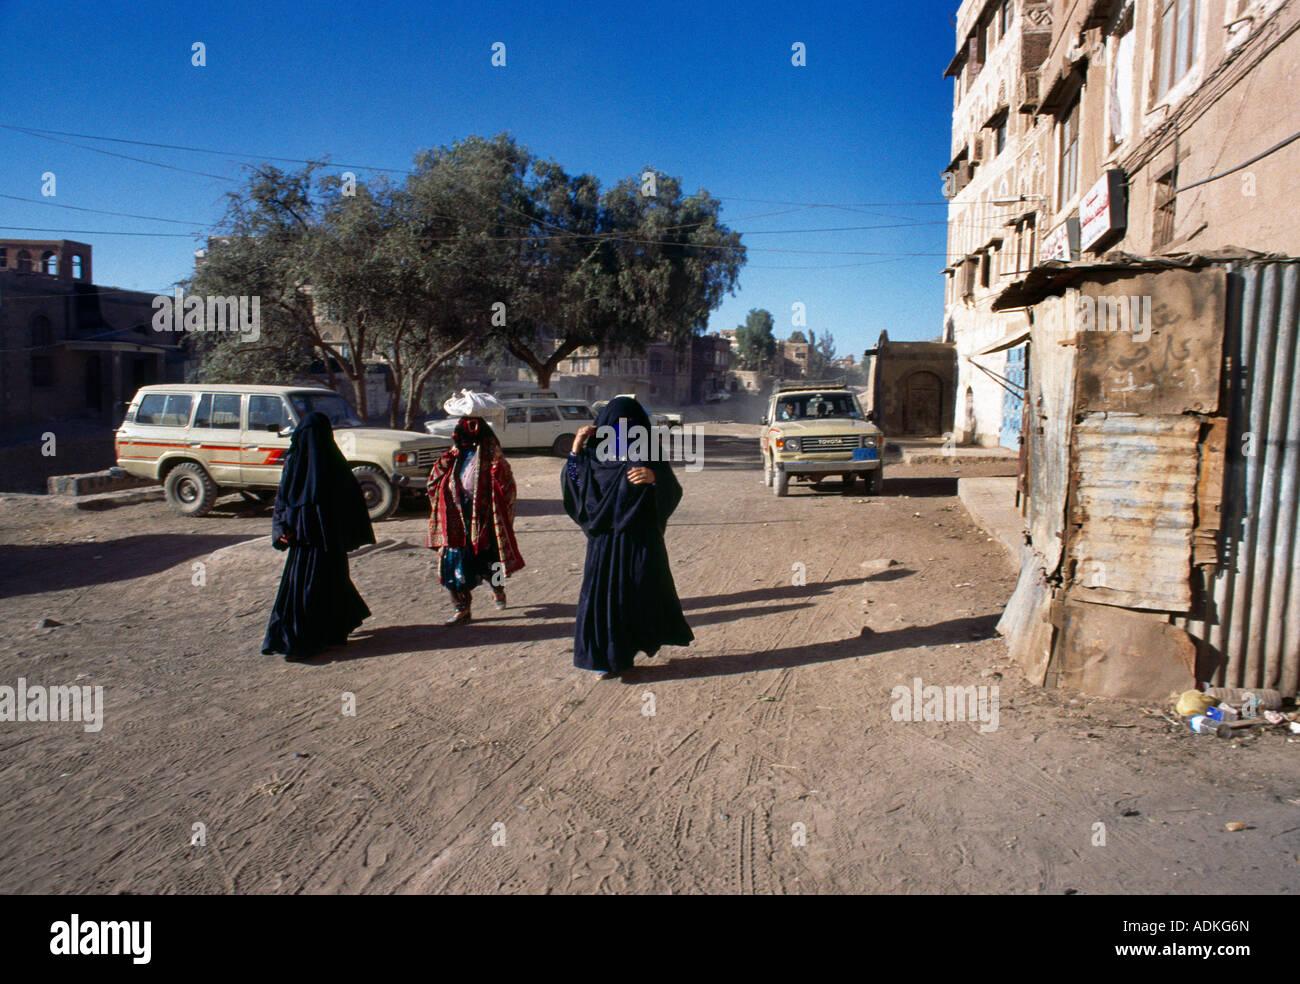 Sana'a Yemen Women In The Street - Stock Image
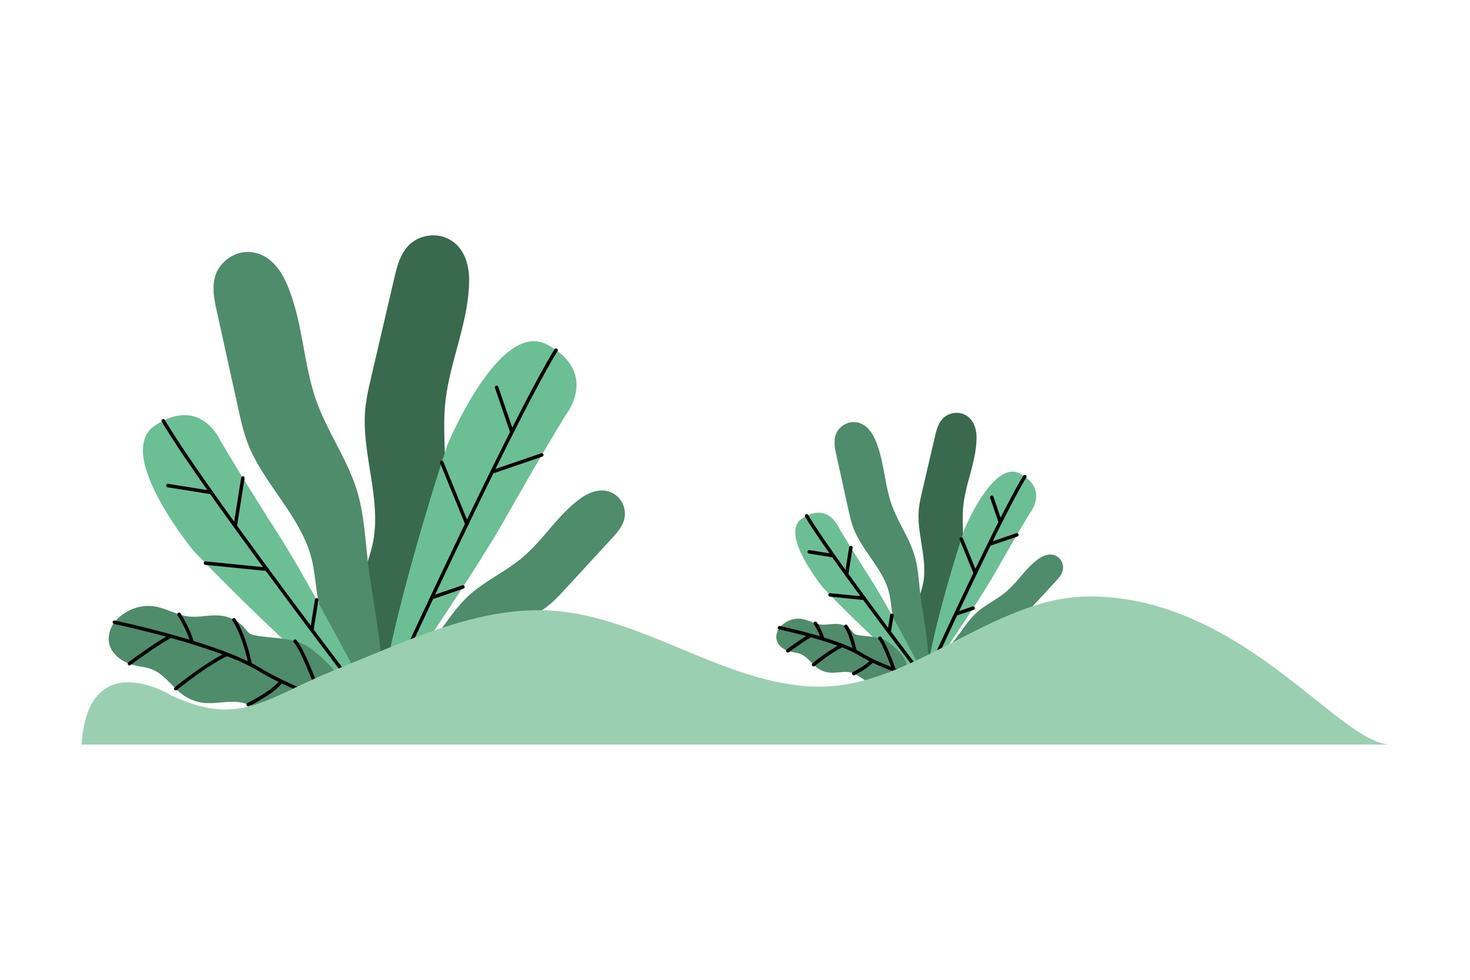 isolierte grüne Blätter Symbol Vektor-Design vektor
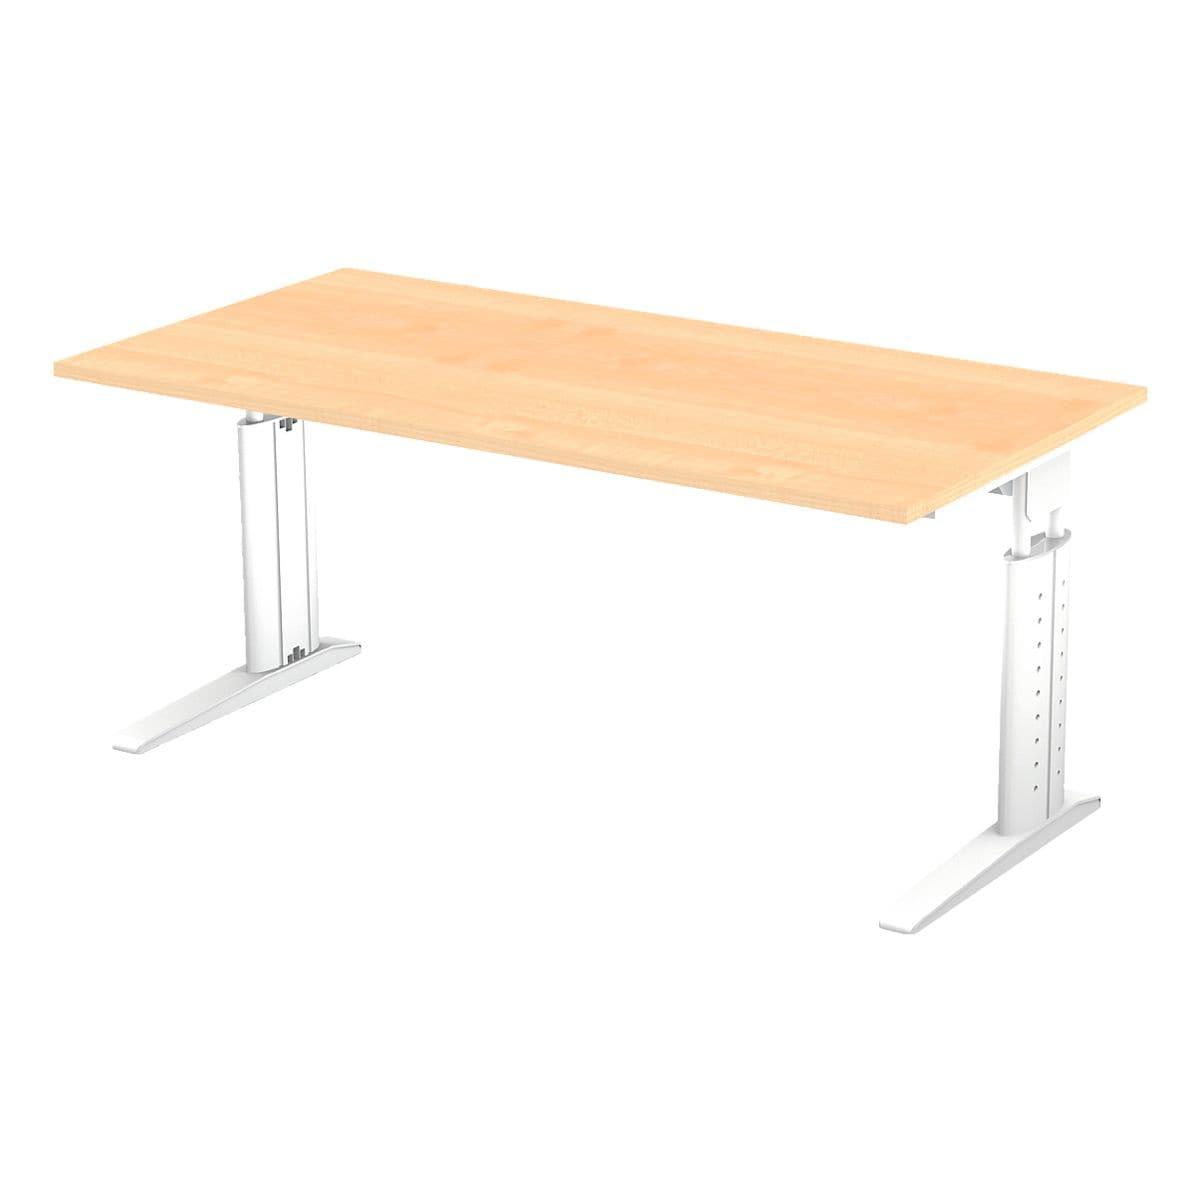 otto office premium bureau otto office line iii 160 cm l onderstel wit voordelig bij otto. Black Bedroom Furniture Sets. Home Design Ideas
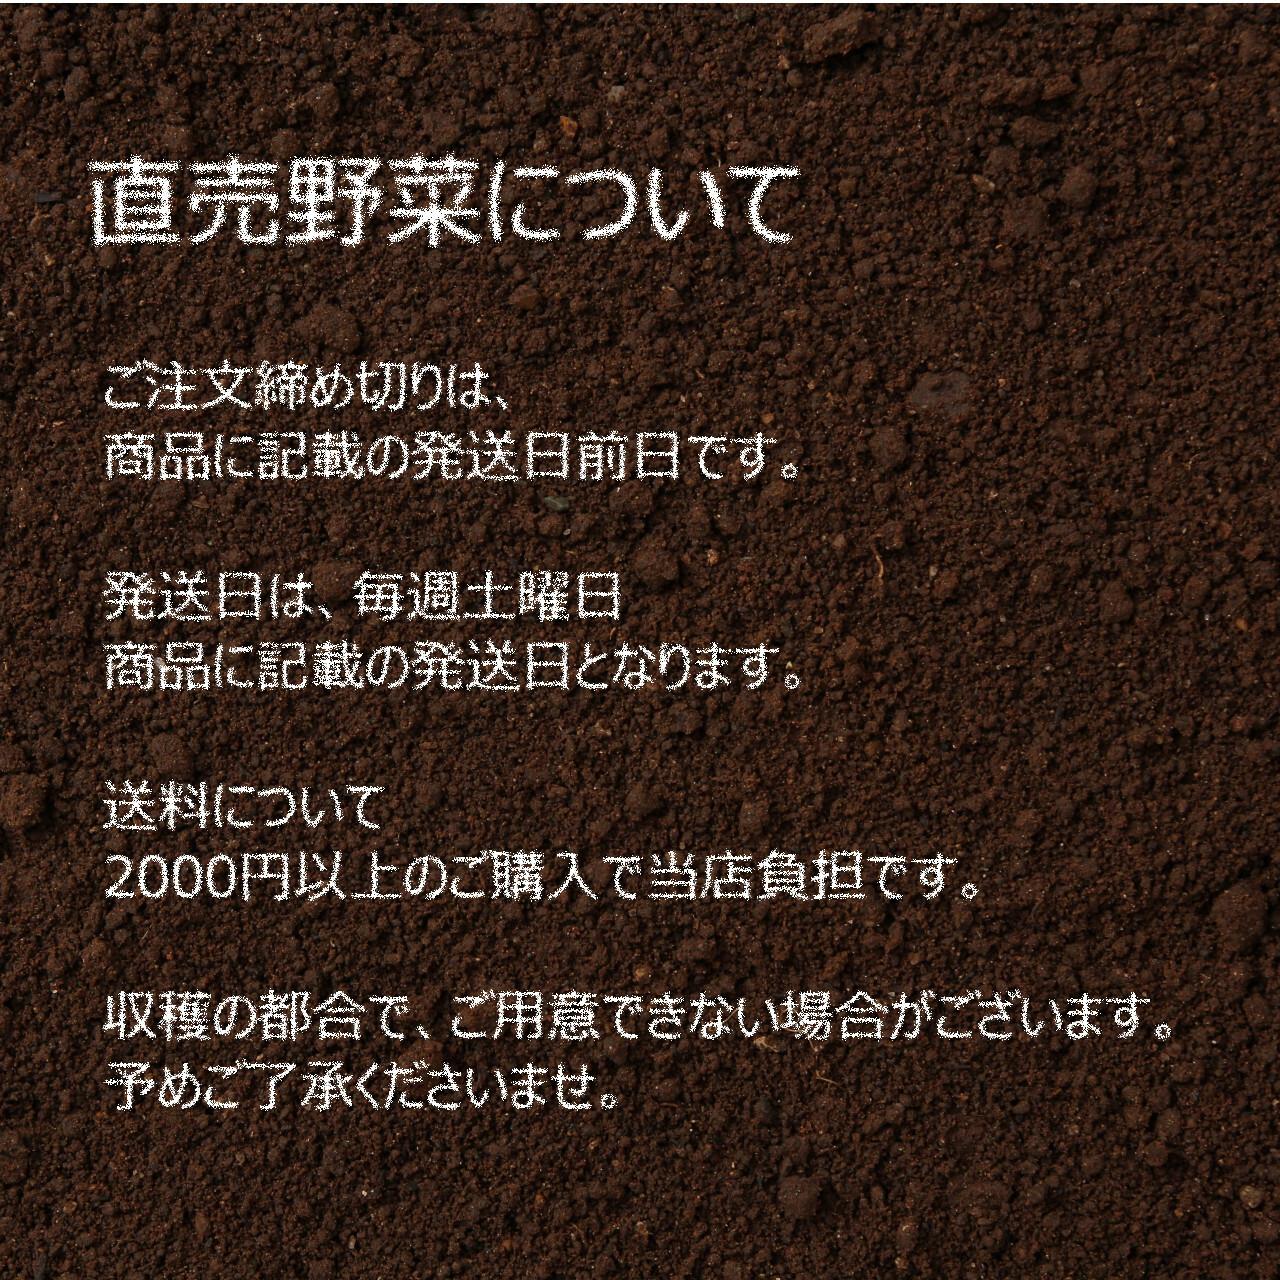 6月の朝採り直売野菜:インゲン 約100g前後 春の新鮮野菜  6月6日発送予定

• • • •

#### Exercise details
For this exercise, reproduce the data above exactly from the line containing "isolierte grüne Blätter" through its final line, both ends included, with no pictures in the copy.

#### Output of the task
 isolierte grüne Blätter Symbol Vektor-Design vektor
 otto office premium bureau otto office line iii 160 cm l onderstel wit voordelig bij otto. Black Bedroom Furniture Sets. Home Design Ideas
 6月の朝採り直売野菜:インゲン 約100g前後 春の新鮮野菜  6月6日発送予定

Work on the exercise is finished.